Sean Spicer handed in his resignation letter to President Trump today and Caught in the Act: Promiscuous Sex Life of My D-Cup Mother in law (2025)boy, are we worried.
Contrary to conventional guidance counselor wisdom, the man appears to have left his job without acquiring a new one. So angered was he by the administration's constant lies and deception -- sorry, the appointment of Anthony Scaramucci -- that he resigned, effective immediately.
Spicey, we'd love to help.
SEE ALSO: Reporters react to Sean Spicer's departureBelow are a list of possible career options for Spicer now that he's free of Trump and able to go wherever his stocky heart pleases.
Right wing Republicans have been cashing it on MSNBC and CNN simply by branding themselves as sassy disenchanted conservatives who hate Trump.
Sean Spicer can rest easy knowing he will be remembered as the greatest White House Easter Bunny who ever lived. pic.twitter.com/L8WbzS21i4
— Brooke Rogers (@bkerogers) July 21, 2017
Spicer absolutely shined as a 7' foot human rodent.
Sean Spicer is one of the thickest, most compact human beings to have ever stood at that podium. I would gladly have him protect me from some of the largest known bros in the universe.
This is the career of choice for approximately 100 percent of shitty people I went to college with.

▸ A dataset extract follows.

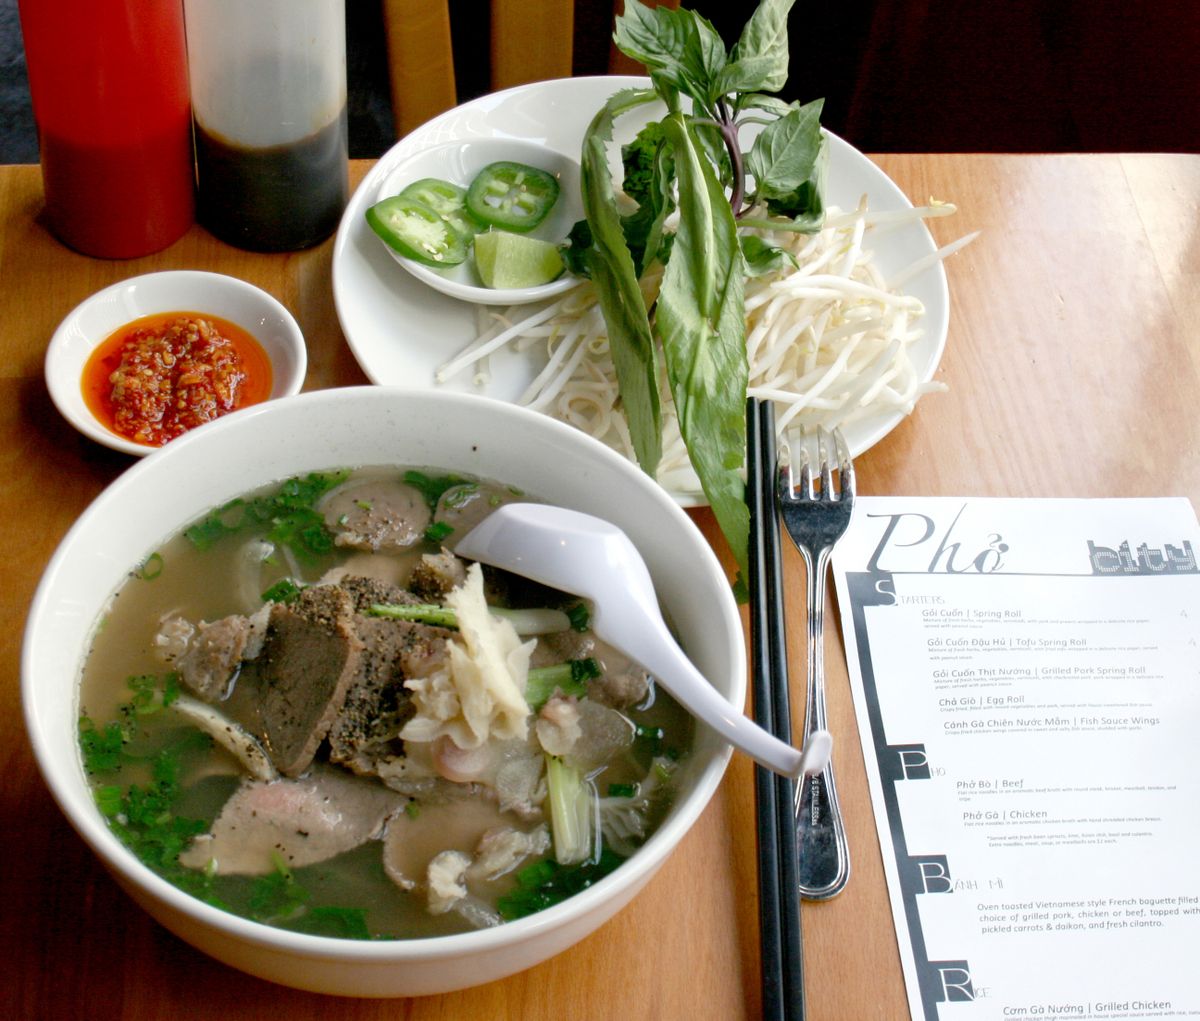 At Pho City, you’ll find a steaming bowl of noodles swimming in broth with a plate filled with bean sprouts, sprigs of culantro (a relative of cilantro) and Thai basil, a few slices of fresh jalapeno pepper and a wedge of lime, as well as a small dish of house-made red chili paste.

This is the career that inevitably follows when you choose career #5.
When boring people think about taking risks, their brain first goes to "improv comedy," where they are confident they would have shined if only they hadn't listened to Daddy and chosen a more traditional career.
It's not so far from what he was doing in his last job, anyways.
Rollerblading is the exercise of choice for DC's down-and-out.
Spicer has already shown a strange affinity for bushes and the unique protection they offer.
Whatever, forget ideas #1-10. It's a matter of time before Spicer writes a tell-all book about the Trump administration and every lie, gross representation and dangerous accusation he made is forgiven.